* _Record extracts_
===
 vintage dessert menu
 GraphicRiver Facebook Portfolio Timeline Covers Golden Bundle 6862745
===
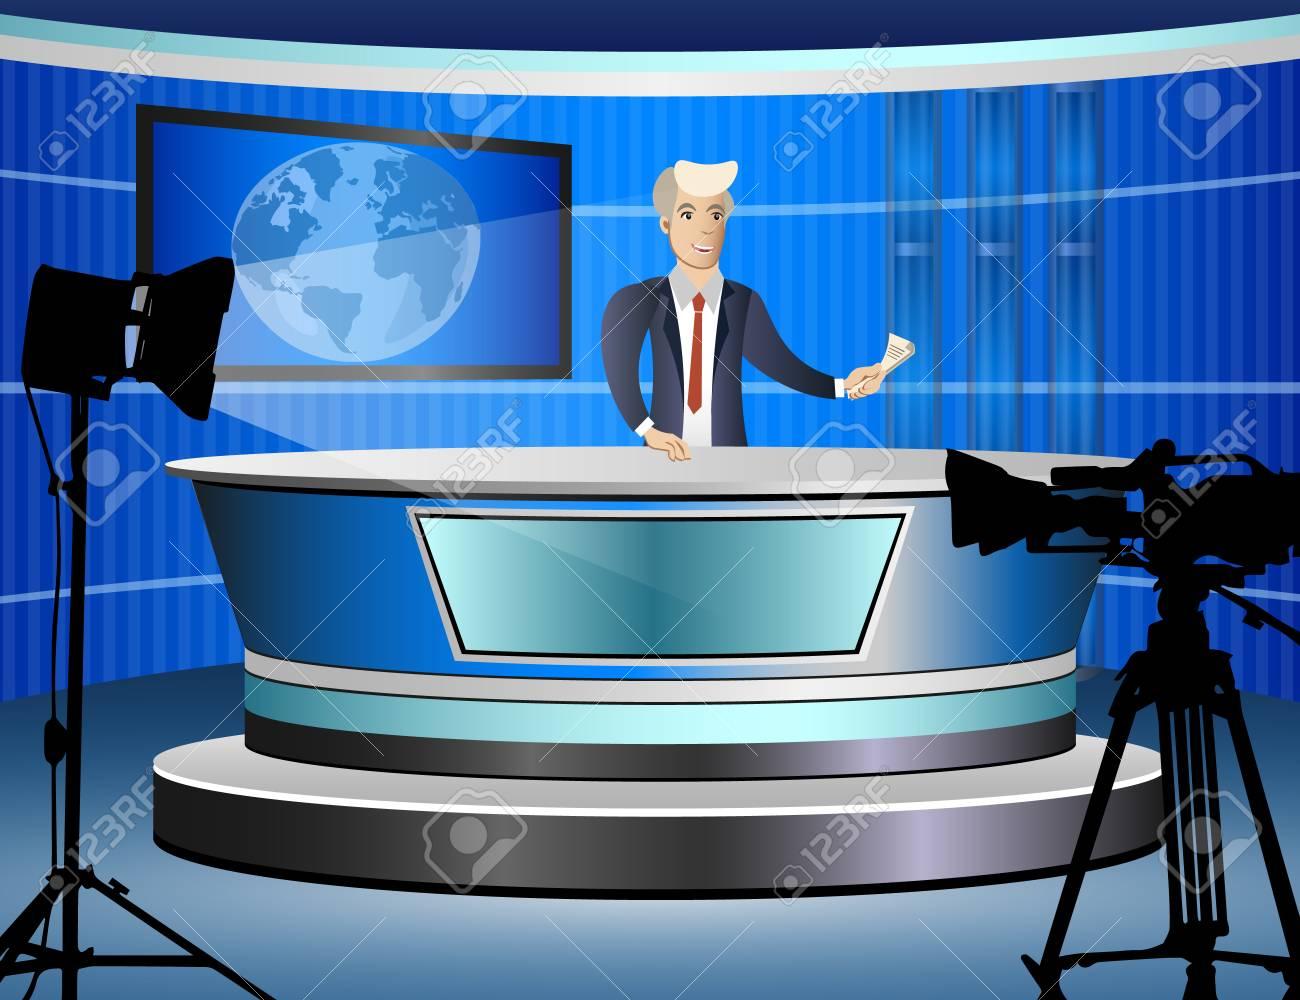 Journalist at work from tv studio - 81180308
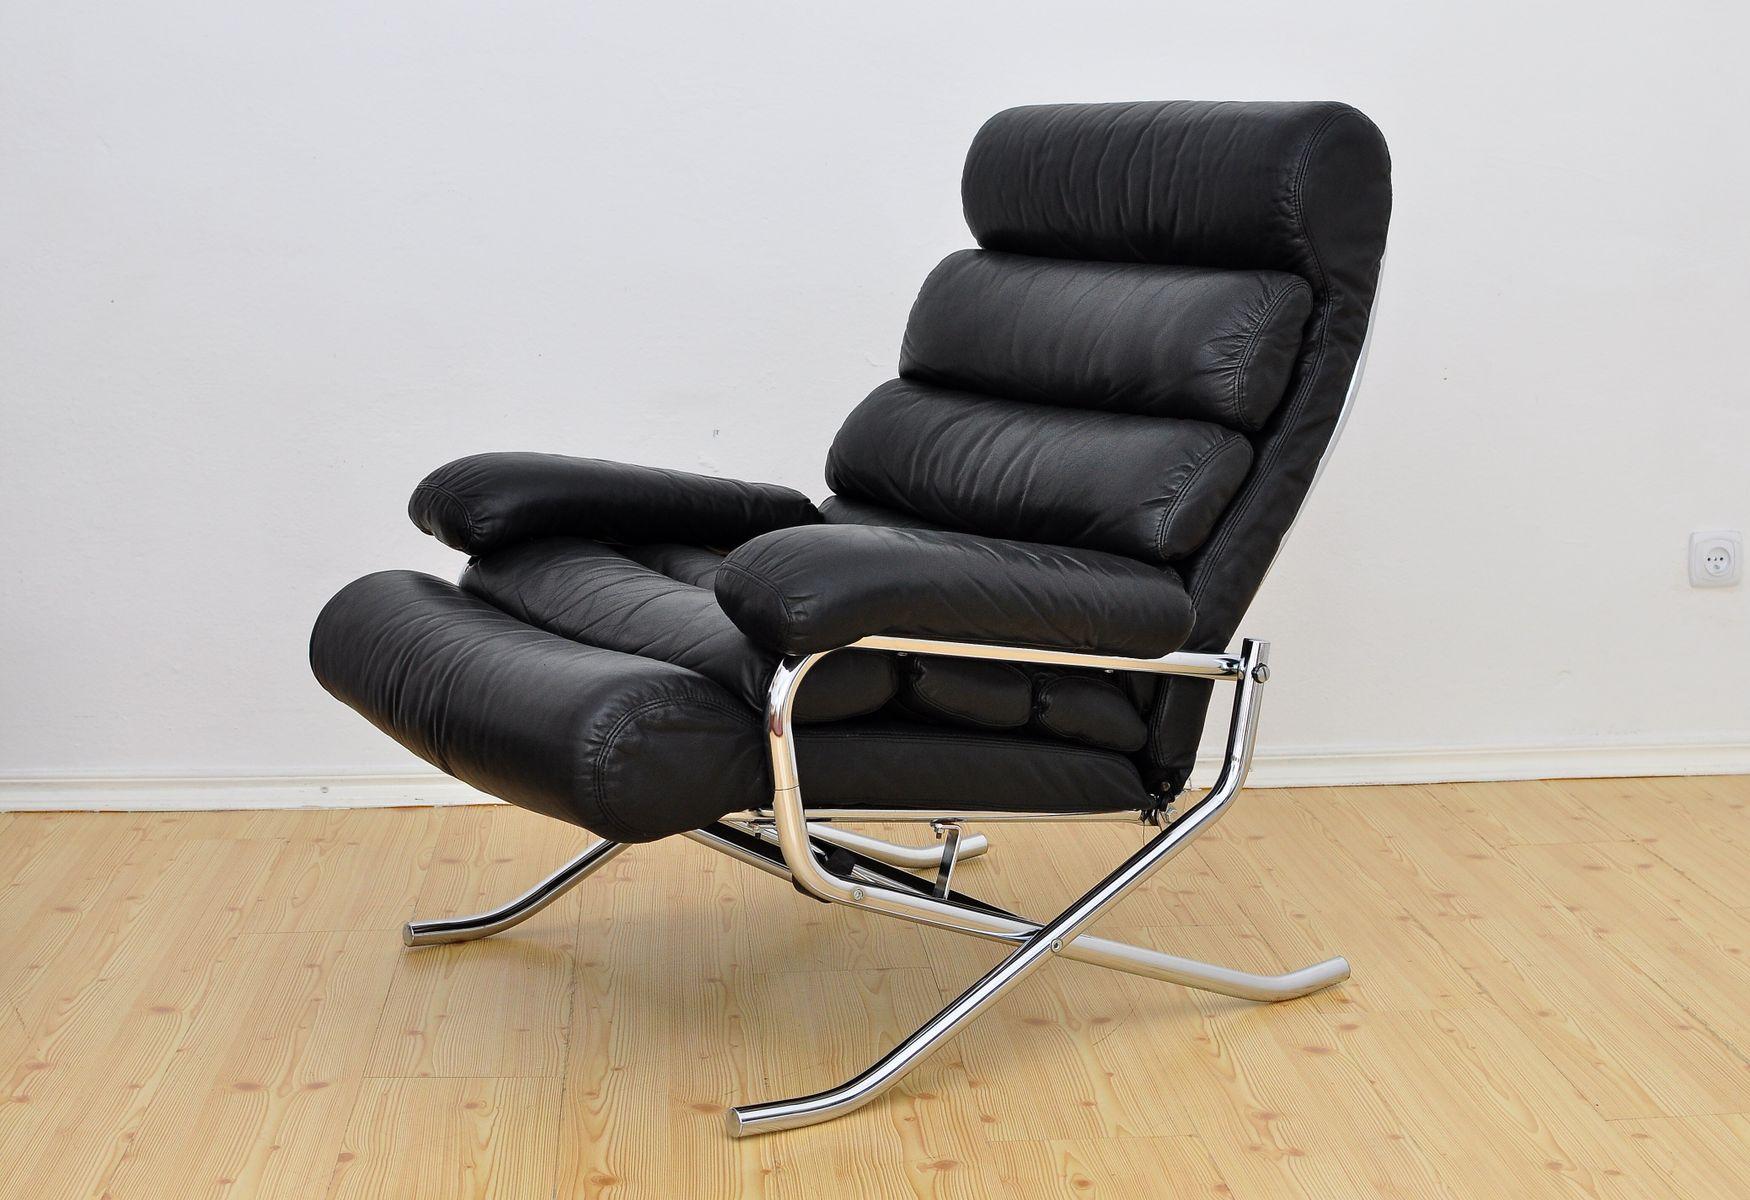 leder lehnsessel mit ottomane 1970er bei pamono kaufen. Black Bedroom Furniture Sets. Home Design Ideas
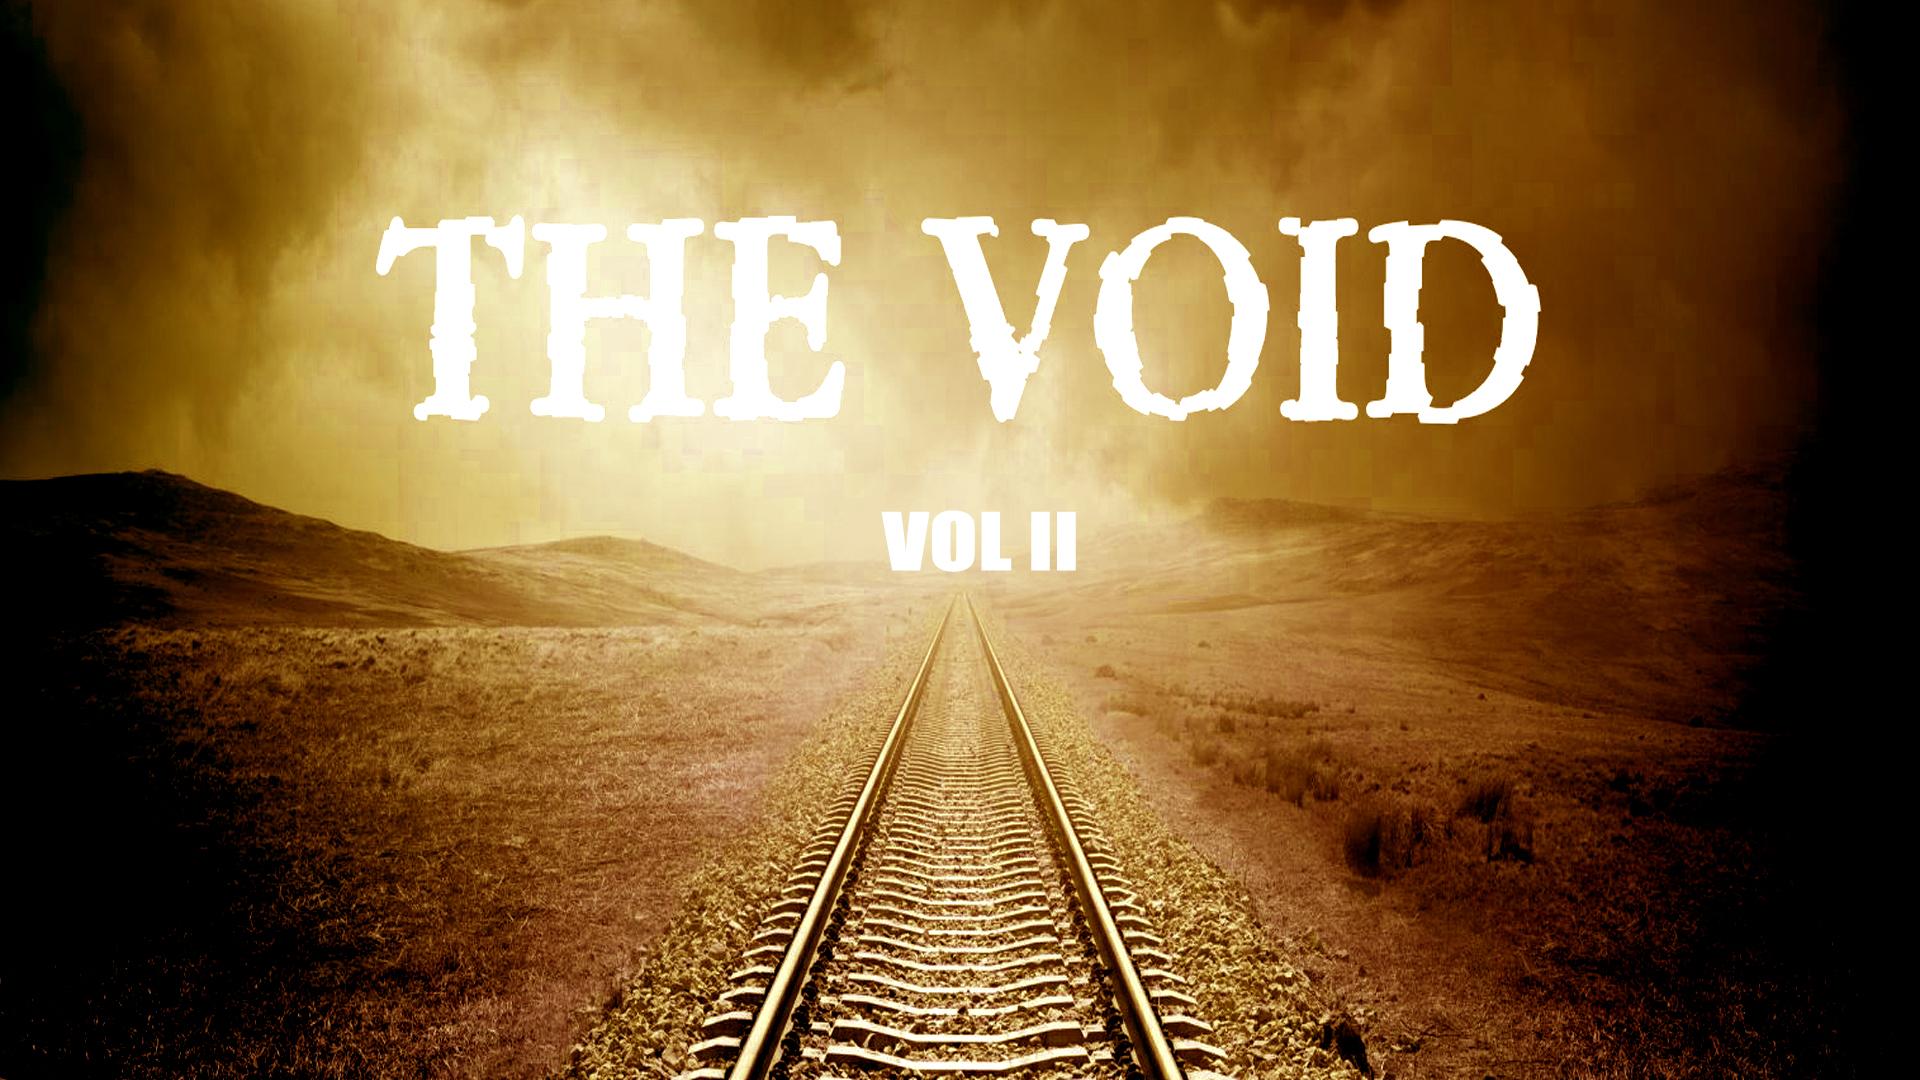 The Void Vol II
===
* _Task to complete_
I'd like the lines above repeated exactly, from the one that contains "Journalist at work from tv studio - 81180308" through the one that contains "The Void Vol II", with no pictures.

* _Answer section_
 Journalist at work from tv studio - 81180308
 leder lehnsessel mit ottomane 1970er bei pamono kaufen. Black Bedroom Furniture Sets. Home Design Ideas
 The Void Vol II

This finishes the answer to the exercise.